-- Source material --

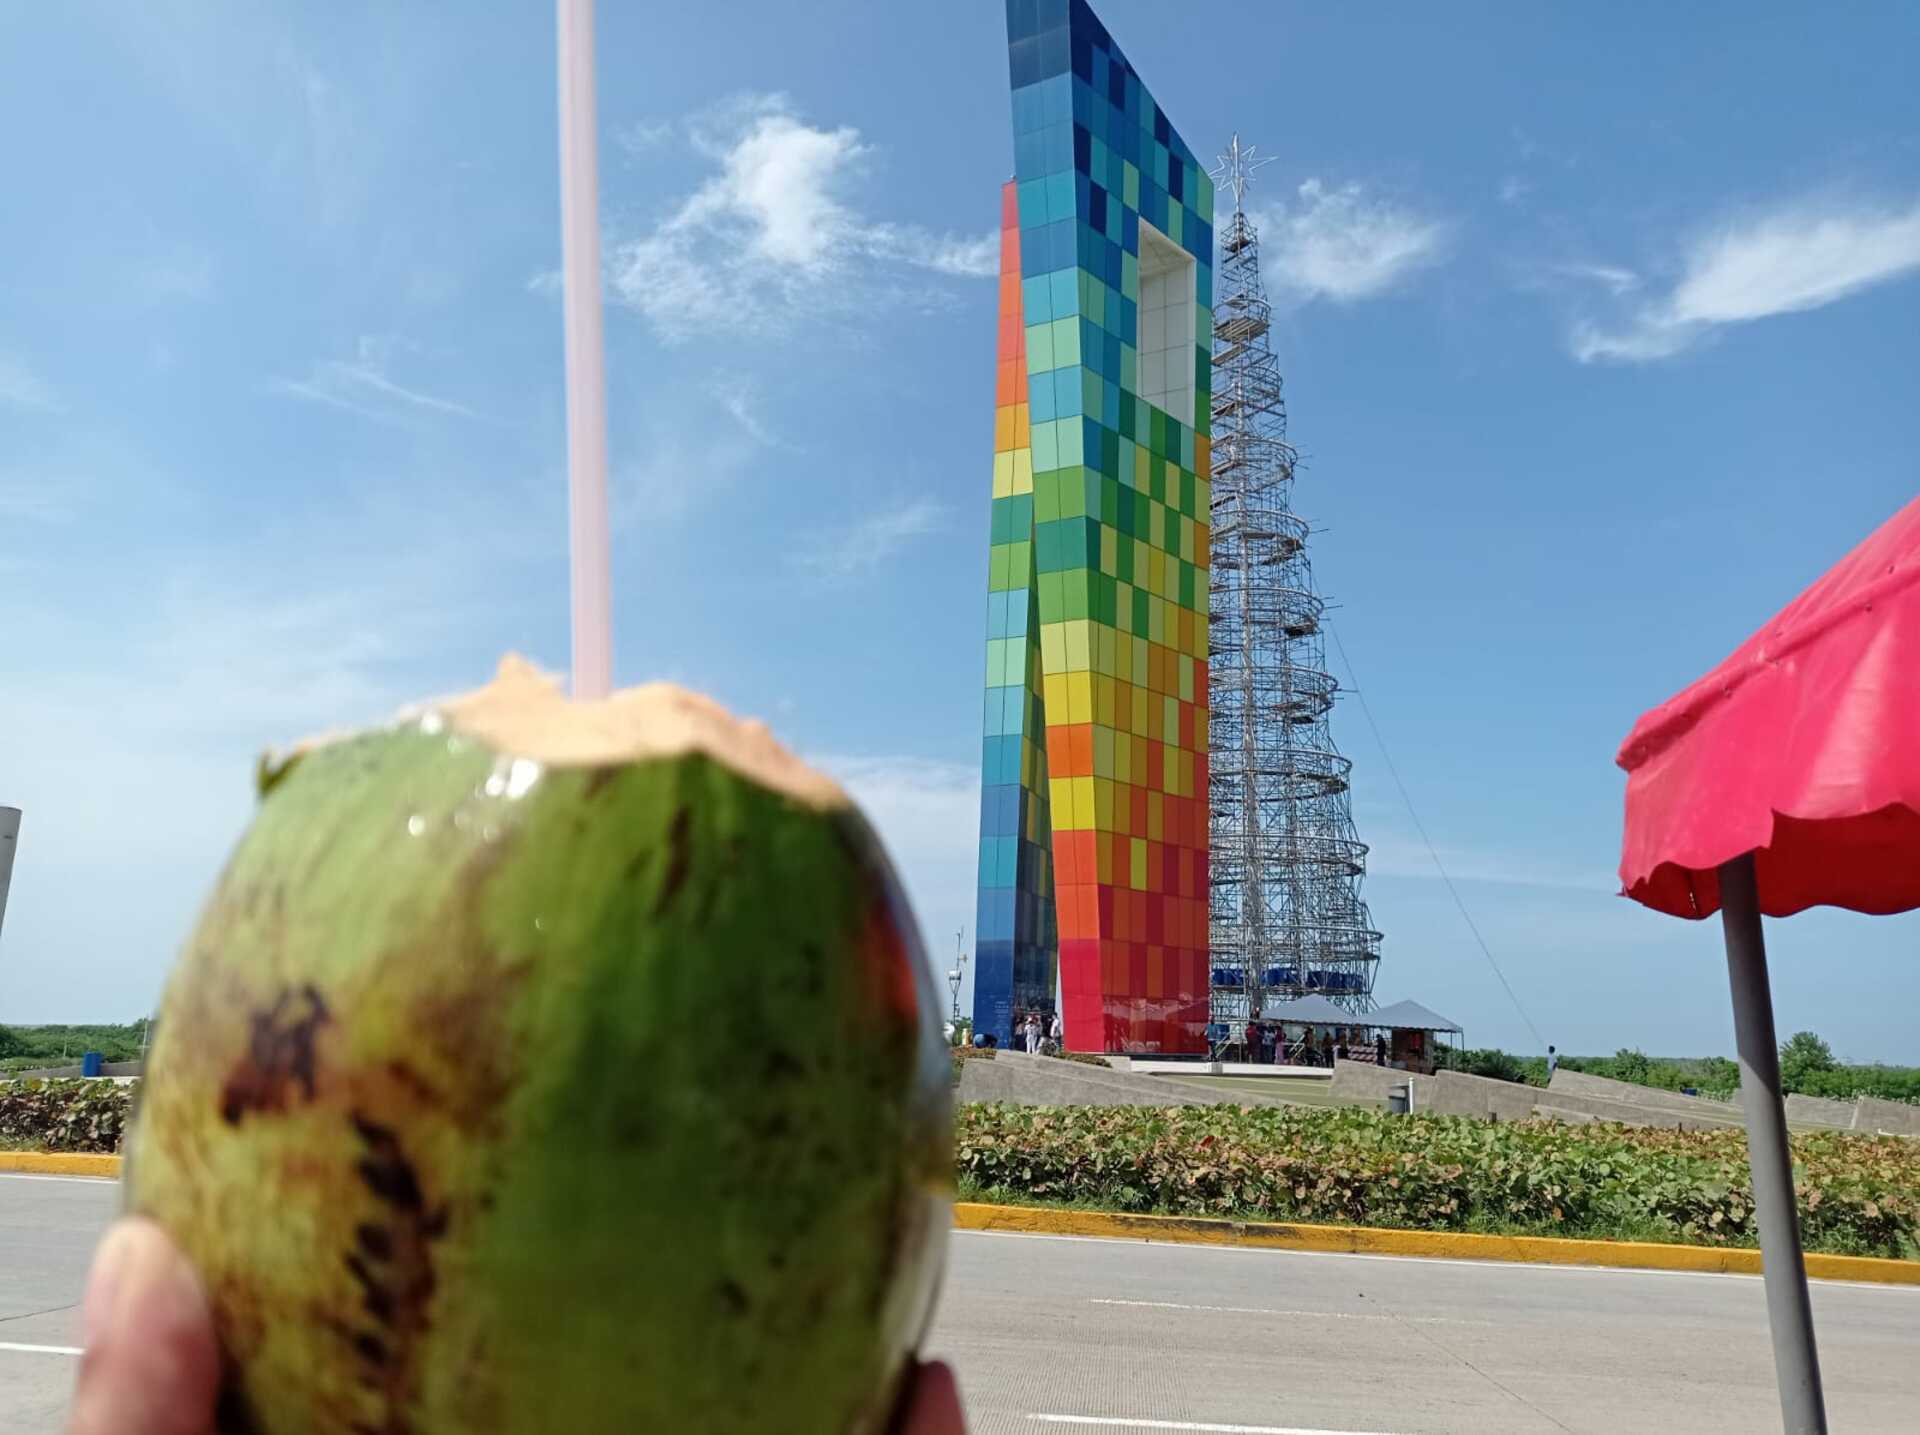 Food Tour in Barranquilla Downtown
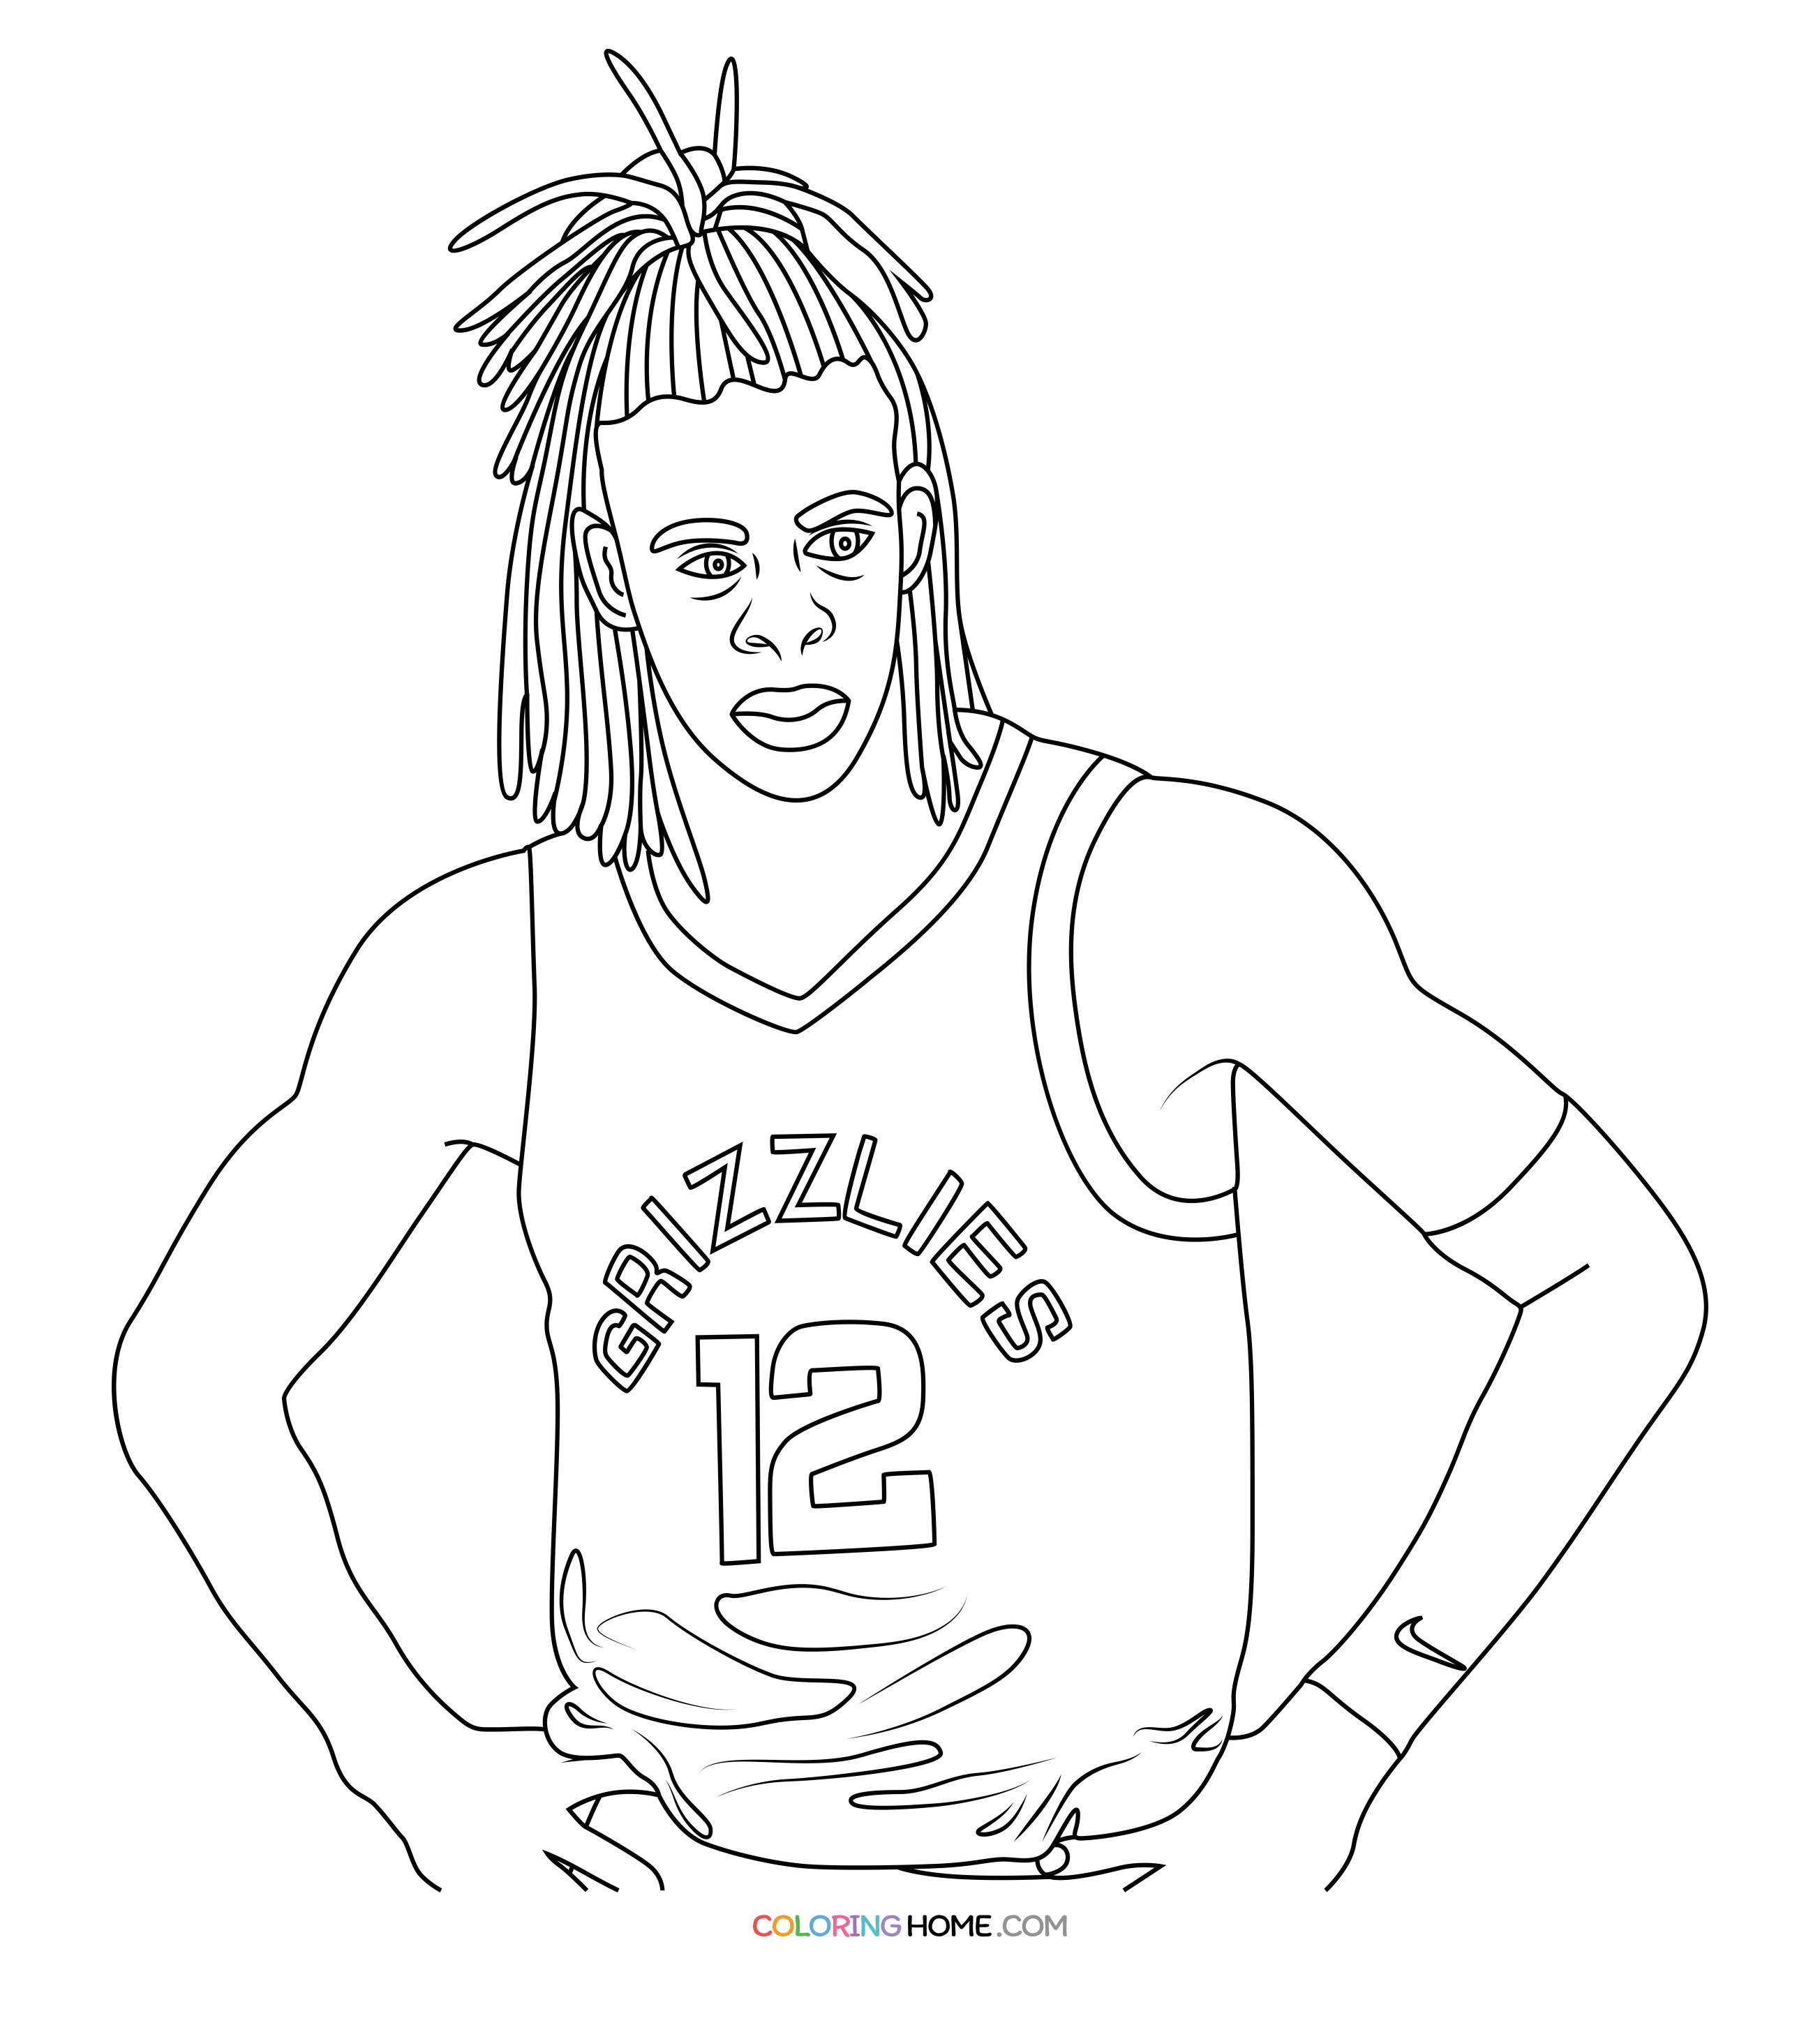 Ja Morant coloring page
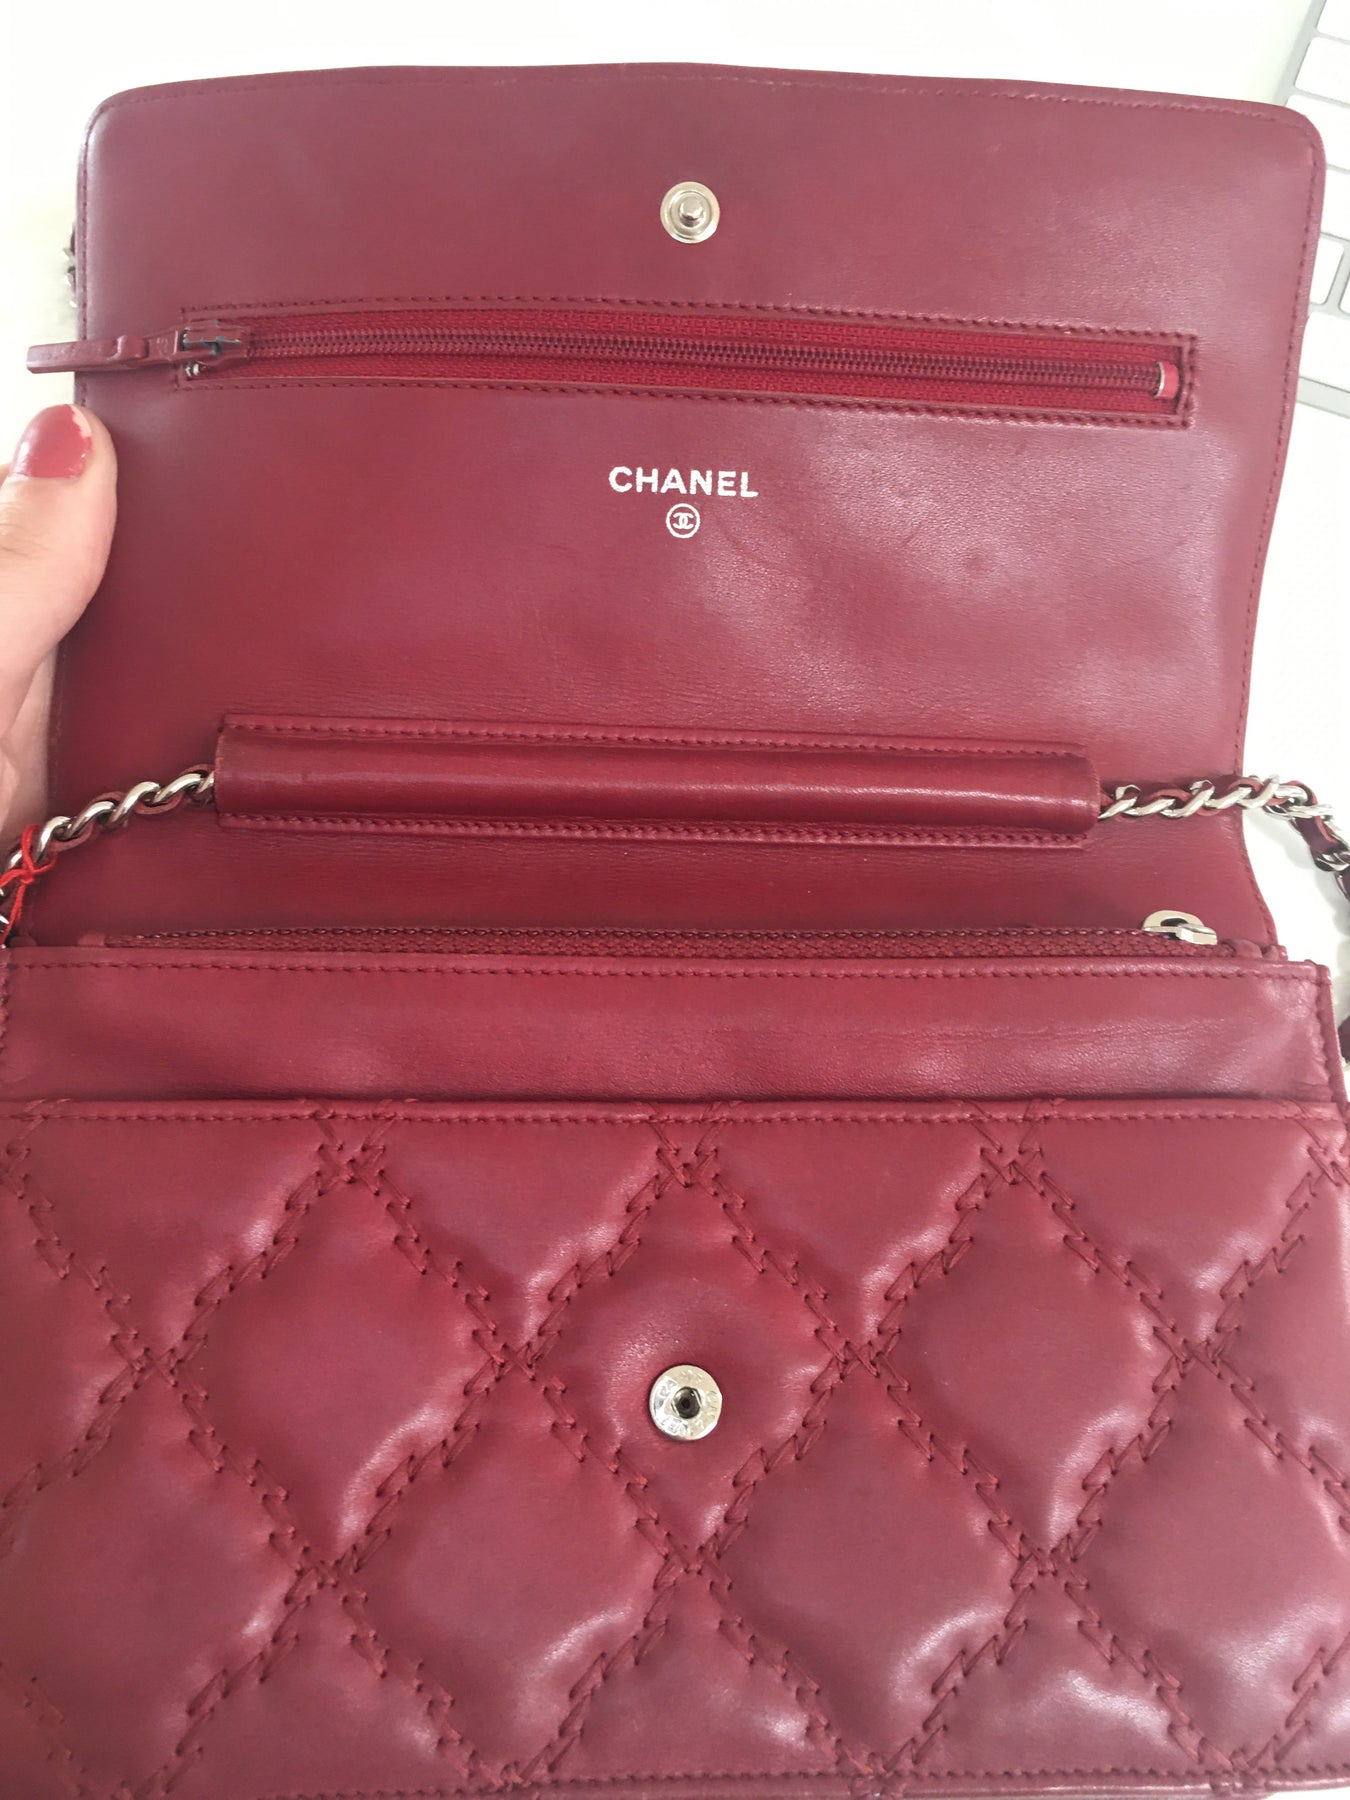 CHANEL Caviar Leather Exterior Crossbody Bags & Handbags for Women for sale

-- Exercise brief --
Since the pictures are not wanted, give the material again exactly without them.

-- Reply to the exercise --
 Food Tour in Barranquilla Downtown
 Ja Morant coloring page
 CHANEL Caviar Leather Exterior Crossbody Bags & Handbags for Women for sale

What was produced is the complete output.